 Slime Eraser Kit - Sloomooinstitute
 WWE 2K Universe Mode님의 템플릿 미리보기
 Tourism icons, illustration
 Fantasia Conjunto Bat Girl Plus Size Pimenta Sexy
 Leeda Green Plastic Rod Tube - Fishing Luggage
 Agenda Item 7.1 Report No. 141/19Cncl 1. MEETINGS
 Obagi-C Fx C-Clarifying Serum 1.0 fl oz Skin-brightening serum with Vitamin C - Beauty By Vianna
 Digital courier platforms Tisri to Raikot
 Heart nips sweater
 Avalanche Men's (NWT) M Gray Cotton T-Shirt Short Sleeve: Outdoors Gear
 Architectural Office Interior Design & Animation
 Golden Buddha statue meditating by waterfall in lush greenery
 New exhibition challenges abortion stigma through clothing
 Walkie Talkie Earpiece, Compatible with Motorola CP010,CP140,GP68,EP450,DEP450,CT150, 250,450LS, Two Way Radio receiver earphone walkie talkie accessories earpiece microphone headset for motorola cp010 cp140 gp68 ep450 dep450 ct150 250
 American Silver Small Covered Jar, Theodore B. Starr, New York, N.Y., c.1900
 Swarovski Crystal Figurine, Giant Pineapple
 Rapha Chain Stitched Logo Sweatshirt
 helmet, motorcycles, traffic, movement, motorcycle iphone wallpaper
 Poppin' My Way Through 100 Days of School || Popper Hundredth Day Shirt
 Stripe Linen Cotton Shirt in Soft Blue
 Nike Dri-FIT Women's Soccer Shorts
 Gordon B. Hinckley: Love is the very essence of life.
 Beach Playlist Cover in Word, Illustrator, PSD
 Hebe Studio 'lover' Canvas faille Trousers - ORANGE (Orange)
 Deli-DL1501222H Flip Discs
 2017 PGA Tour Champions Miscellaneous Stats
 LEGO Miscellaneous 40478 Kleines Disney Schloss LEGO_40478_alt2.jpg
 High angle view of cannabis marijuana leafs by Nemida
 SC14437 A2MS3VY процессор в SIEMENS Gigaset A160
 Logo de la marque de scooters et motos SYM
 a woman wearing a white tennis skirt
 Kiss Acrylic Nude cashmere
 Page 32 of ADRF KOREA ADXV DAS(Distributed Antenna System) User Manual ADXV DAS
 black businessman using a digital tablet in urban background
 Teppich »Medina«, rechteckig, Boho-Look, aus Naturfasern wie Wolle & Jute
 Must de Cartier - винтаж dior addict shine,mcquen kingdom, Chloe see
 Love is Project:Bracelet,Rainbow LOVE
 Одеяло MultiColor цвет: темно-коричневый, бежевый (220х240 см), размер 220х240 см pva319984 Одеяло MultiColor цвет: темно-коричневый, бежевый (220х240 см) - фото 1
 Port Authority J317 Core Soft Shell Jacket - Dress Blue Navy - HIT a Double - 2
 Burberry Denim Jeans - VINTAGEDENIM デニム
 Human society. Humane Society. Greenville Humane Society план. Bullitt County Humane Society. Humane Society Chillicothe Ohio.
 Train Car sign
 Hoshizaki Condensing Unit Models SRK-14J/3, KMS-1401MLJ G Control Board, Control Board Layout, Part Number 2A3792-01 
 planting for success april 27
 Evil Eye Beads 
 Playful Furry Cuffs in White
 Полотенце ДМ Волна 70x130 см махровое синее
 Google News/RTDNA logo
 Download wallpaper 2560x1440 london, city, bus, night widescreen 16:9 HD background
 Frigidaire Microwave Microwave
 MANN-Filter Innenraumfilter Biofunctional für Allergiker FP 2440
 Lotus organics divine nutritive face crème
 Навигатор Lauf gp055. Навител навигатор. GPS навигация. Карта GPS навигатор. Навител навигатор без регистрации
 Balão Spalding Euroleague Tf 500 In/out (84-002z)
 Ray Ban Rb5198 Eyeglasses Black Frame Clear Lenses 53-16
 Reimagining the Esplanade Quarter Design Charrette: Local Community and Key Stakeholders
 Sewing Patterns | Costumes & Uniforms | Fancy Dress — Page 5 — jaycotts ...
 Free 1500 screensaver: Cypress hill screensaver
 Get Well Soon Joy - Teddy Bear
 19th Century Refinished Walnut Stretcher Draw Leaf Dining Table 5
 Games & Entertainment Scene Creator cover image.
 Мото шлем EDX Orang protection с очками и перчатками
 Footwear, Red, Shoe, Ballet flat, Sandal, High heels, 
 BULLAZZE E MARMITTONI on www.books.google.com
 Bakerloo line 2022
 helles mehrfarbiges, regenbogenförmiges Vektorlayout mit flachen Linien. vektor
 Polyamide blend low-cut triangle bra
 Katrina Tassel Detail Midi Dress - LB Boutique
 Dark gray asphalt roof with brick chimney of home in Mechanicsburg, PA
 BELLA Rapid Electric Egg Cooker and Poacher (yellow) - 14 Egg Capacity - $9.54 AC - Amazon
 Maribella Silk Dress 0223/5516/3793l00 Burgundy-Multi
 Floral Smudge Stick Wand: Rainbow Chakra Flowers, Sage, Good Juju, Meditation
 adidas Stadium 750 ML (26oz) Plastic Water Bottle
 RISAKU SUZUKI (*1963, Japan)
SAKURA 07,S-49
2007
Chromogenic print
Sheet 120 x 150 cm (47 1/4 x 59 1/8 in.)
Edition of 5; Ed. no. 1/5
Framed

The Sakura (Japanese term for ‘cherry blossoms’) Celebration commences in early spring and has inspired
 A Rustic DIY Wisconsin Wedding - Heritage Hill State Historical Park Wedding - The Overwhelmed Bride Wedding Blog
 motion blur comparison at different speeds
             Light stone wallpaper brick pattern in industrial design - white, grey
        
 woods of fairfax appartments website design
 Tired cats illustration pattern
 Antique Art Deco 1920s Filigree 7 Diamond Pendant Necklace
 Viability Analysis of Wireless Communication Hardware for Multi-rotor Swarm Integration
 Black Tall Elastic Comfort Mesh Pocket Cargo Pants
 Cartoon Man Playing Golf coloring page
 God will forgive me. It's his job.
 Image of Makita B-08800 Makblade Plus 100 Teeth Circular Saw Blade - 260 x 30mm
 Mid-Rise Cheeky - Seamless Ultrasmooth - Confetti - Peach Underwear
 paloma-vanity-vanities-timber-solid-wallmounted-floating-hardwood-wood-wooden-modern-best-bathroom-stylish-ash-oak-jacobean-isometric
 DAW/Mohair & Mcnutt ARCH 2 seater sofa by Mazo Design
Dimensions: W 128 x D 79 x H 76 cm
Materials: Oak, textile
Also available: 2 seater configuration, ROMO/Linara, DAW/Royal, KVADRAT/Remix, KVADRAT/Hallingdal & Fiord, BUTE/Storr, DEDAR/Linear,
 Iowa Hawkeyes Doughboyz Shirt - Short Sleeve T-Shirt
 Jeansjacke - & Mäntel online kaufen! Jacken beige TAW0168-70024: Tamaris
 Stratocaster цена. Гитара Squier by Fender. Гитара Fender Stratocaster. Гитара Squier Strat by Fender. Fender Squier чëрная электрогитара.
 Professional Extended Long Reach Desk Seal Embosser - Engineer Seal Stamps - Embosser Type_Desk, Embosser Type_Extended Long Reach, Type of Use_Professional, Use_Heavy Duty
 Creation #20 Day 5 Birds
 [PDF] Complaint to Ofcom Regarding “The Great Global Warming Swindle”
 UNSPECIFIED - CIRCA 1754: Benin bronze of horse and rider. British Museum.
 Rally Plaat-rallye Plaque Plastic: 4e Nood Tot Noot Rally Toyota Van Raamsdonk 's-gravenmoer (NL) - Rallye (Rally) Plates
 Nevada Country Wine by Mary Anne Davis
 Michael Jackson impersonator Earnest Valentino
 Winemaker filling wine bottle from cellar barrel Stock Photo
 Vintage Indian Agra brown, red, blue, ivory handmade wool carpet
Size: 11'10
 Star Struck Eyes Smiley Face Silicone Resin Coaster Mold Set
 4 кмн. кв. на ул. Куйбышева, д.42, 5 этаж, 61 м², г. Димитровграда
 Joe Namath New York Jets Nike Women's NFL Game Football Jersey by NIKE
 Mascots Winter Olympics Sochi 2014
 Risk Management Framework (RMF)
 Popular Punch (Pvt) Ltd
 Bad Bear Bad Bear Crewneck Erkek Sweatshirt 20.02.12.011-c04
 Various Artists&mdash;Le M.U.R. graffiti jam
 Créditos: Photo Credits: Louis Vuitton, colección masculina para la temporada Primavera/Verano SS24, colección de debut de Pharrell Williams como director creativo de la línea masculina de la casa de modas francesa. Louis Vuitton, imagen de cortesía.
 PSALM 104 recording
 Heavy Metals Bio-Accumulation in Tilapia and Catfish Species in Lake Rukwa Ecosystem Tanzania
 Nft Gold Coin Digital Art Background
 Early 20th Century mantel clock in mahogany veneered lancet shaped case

───

* [To do]: All lines in the data above from the one with "Stratocaster цена. Гитара" through the one with "Creation #20 Day 5 Birds" must be repeated exactly, and no others.

* [Exercise result]:
 Stratocaster цена. Гитара Squier by Fender. Гитара Fender Stratocaster. Гитара Squier Strat by Fender. Fender Squier чëрная электрогитара.
 Professional Extended Long Reach Desk Seal Embosser - Engineer Seal Stamps - Embosser Type_Desk, Embosser Type_Extended Long Reach, Type of Use_Professional, Use_Heavy Duty
 Creation #20 Day 5 Birds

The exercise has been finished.